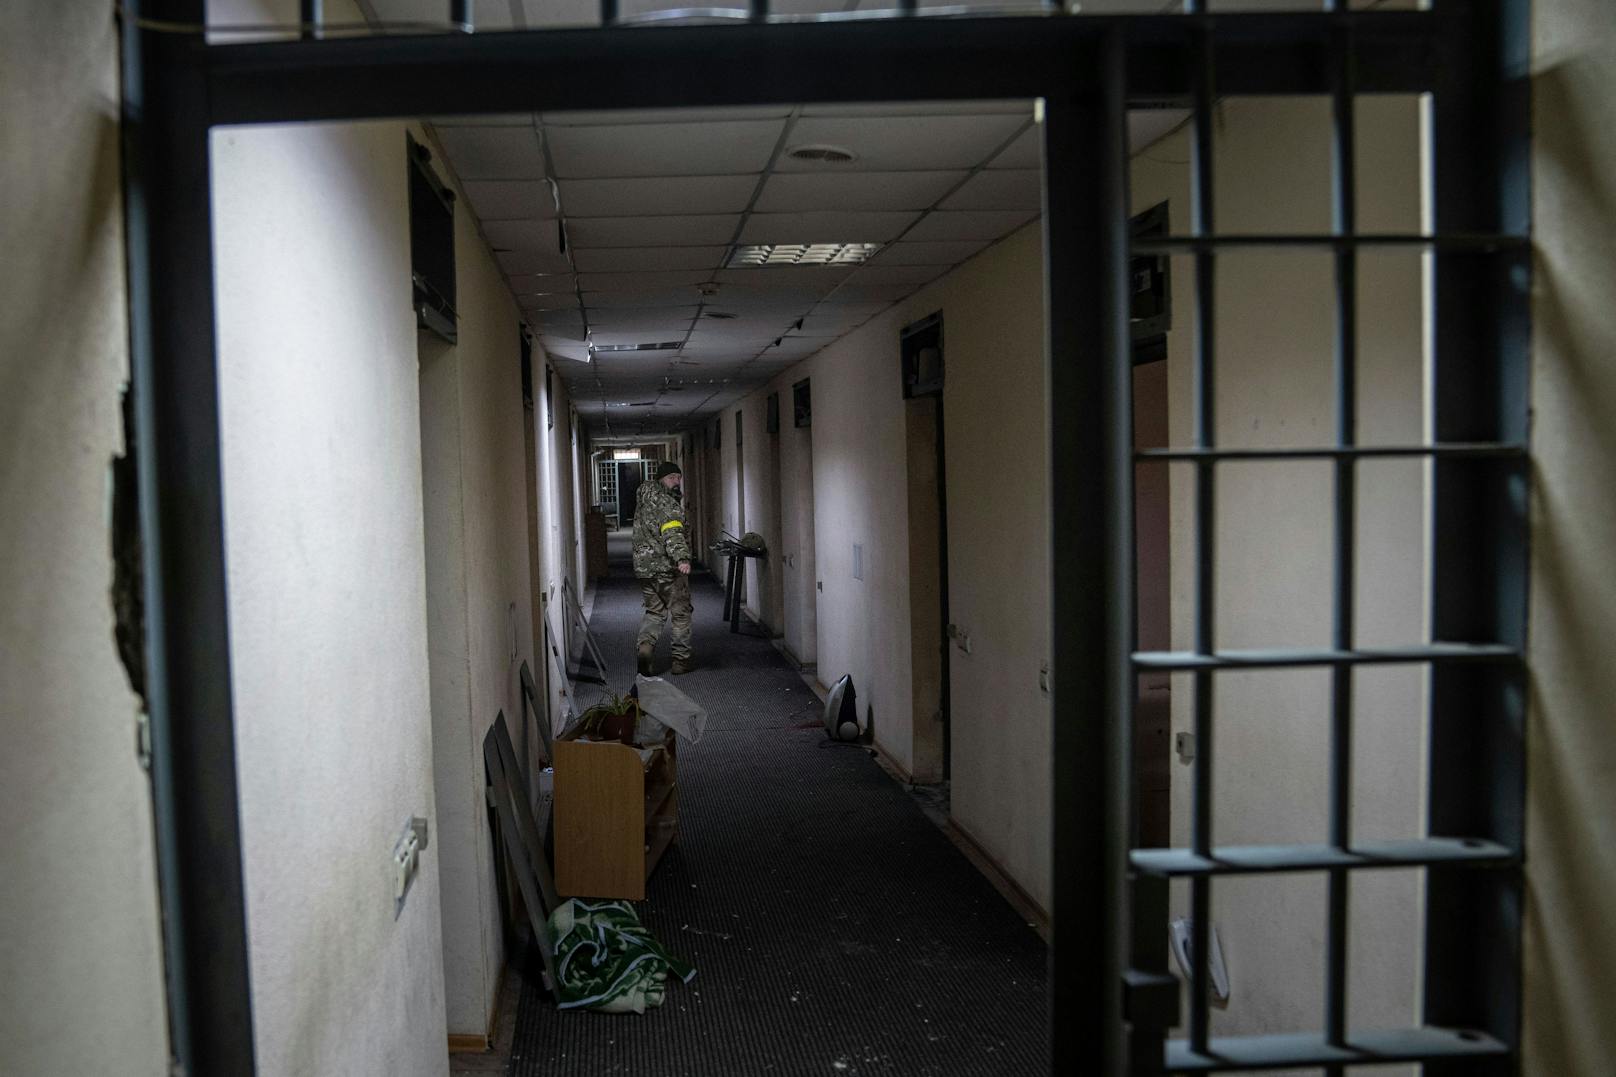 Unter anderem in diesem Gebäude sollen ukrainische Zivilisten gefoltert worden sein.
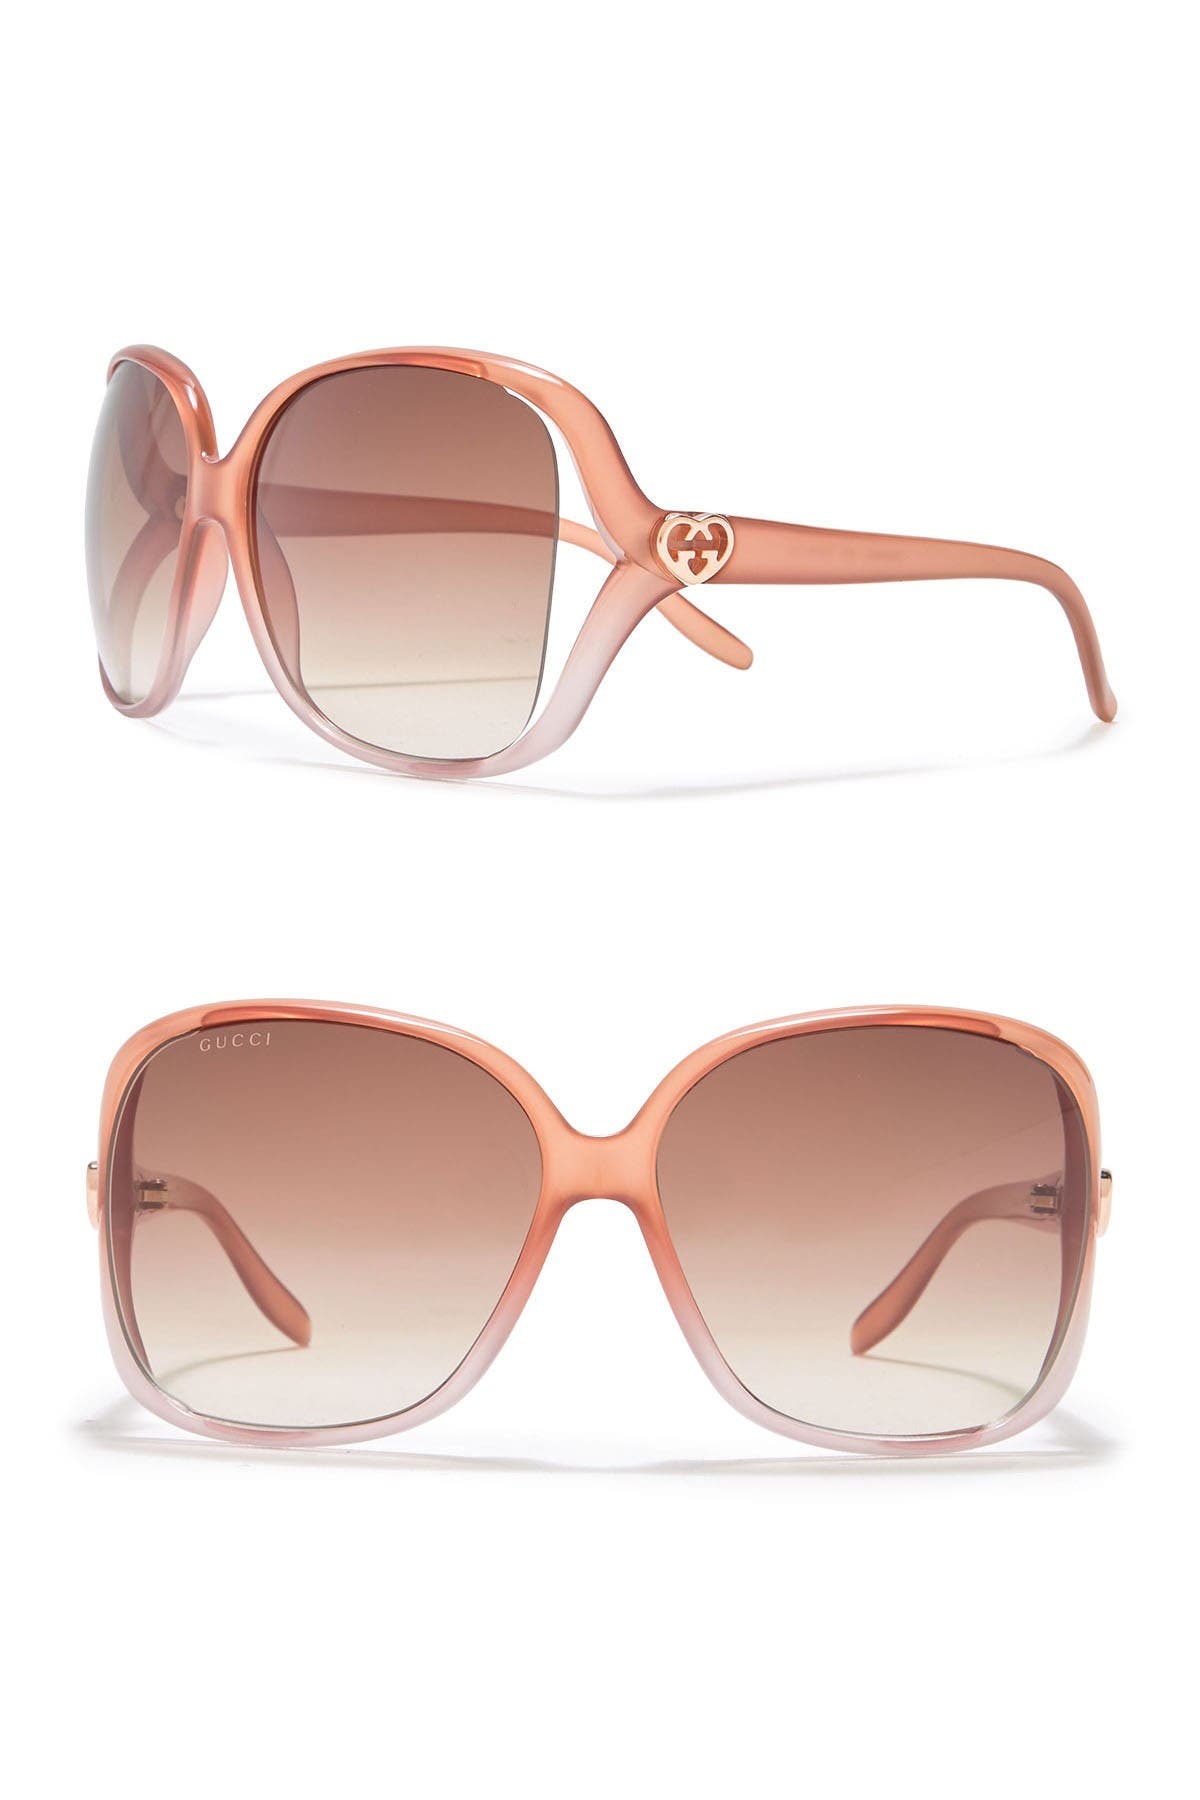 Gucci 60mm Oversized Square Sunglasses In Pesca Rosa Brown
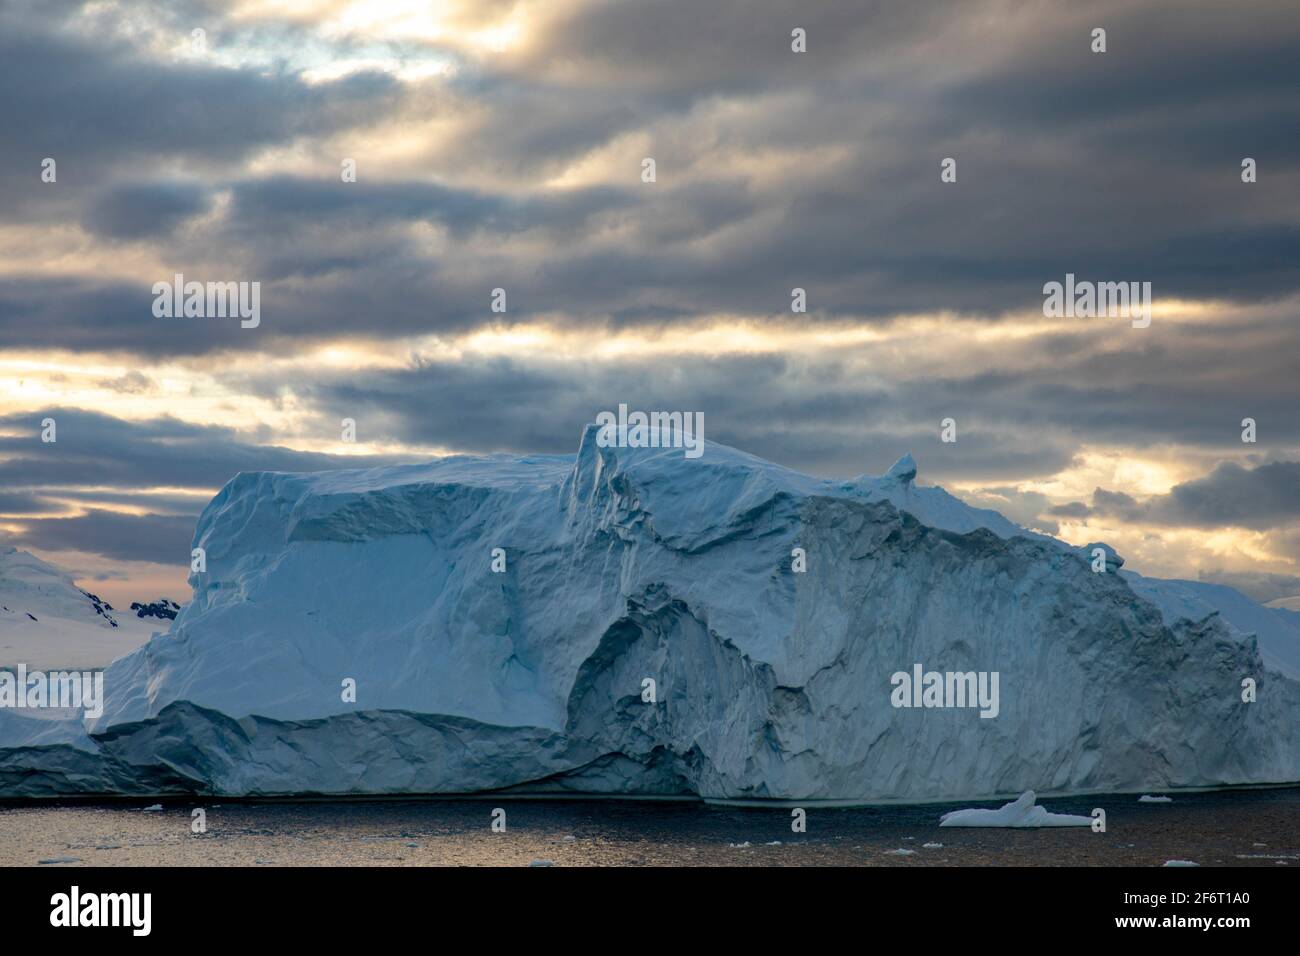 Les rayons chauds du soleil à travers la couverture nuageuse créent une belle lumière sur l'iceberg près du pôle Sud. Banque D'Images
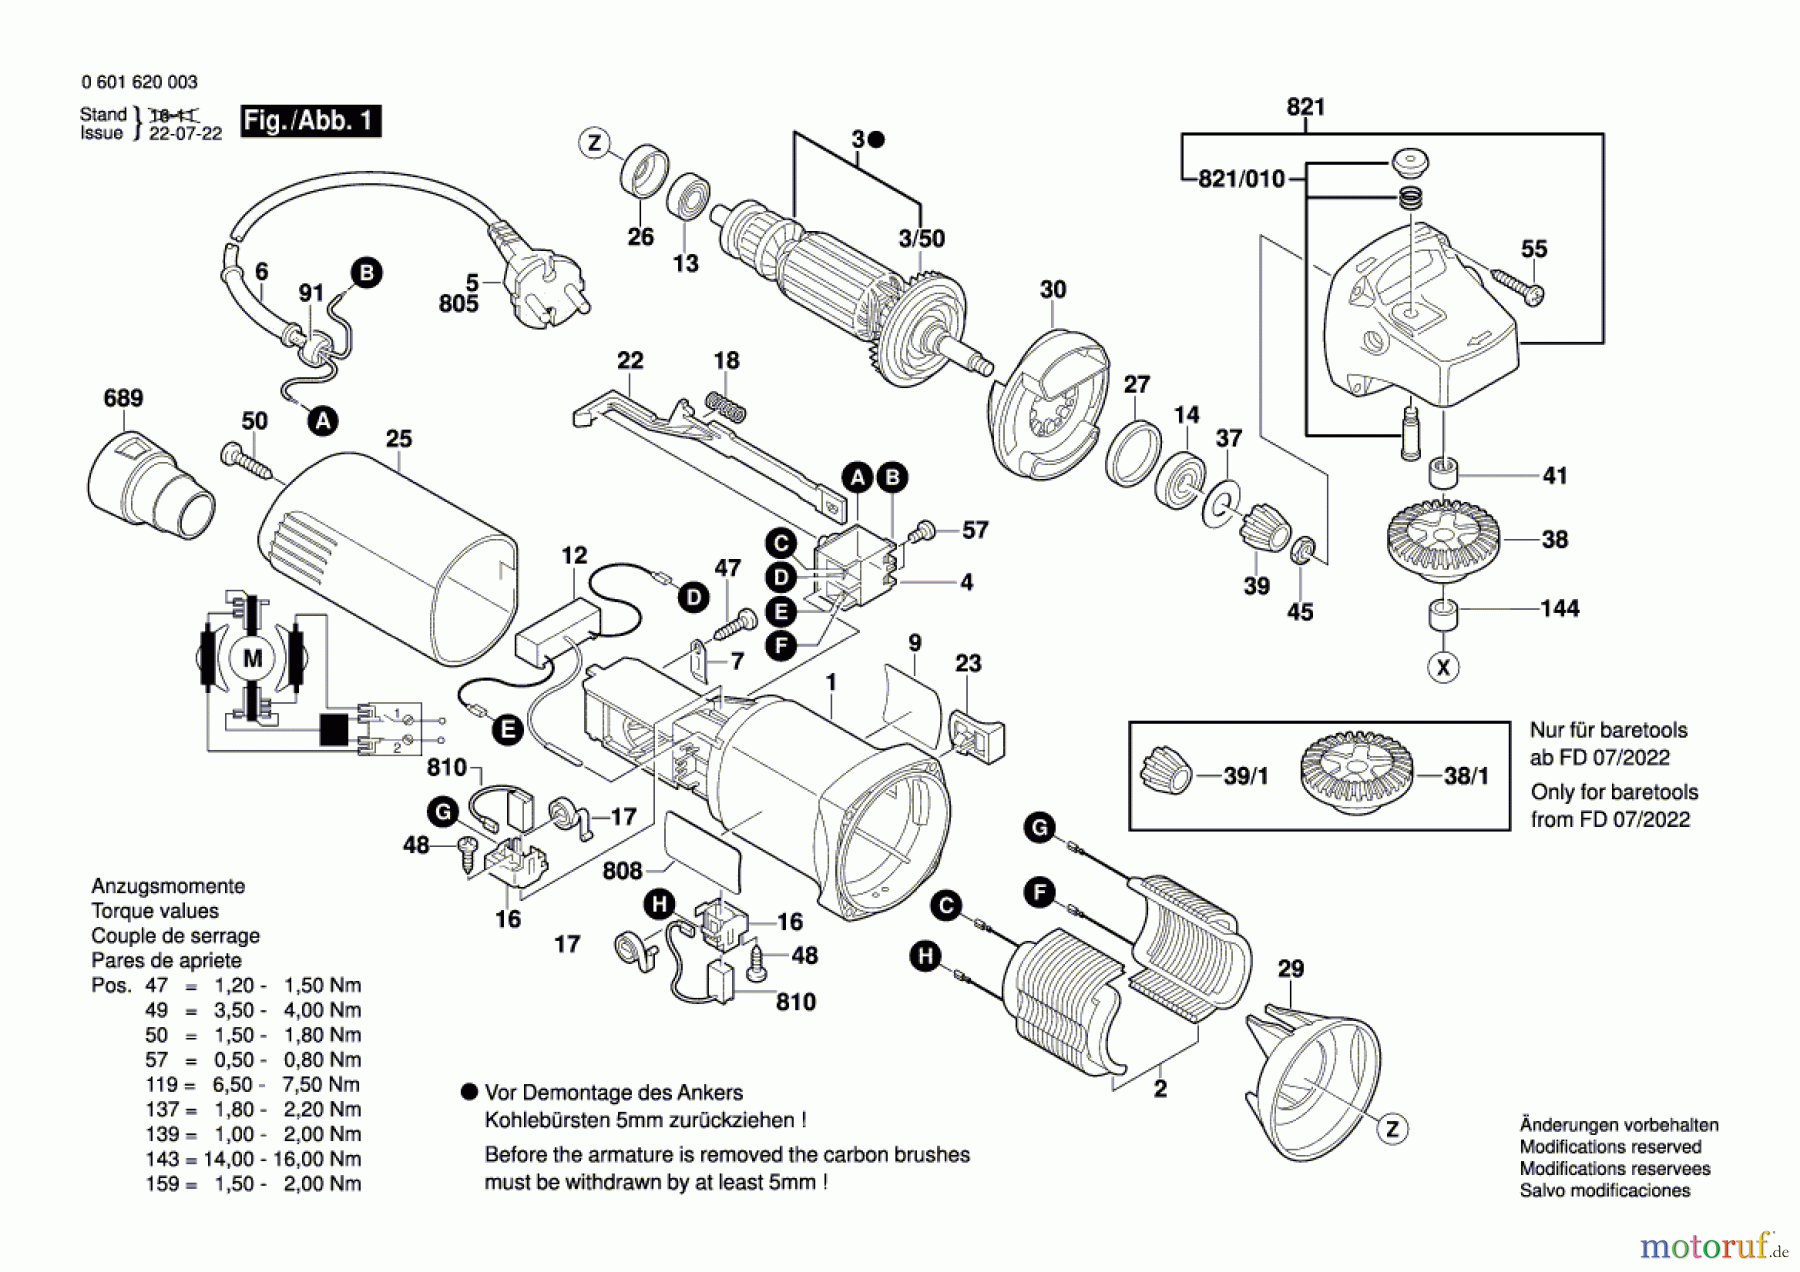  Bosch Werkzeug Flachdübelfräse GFF 22 A Seite 1

********

→ **To do**: An exact copy of the listing above, minus its pictures, is what is needed here.

→ **Your solution**:
 Unter anderem in diesem Gebäude sollen ukrainische Zivilisten gefoltert worden sein.
 Gucci 60mm Oversized Square Sunglasses In Pesca Rosa Brown
 Les rayons chauds du soleil à travers la couverture nuageuse créent une belle lumière sur l'iceberg près du pôle Sud. Banque D'Images
  Bosch Werkzeug Flachdübelfräse GFF 22 A Seite 1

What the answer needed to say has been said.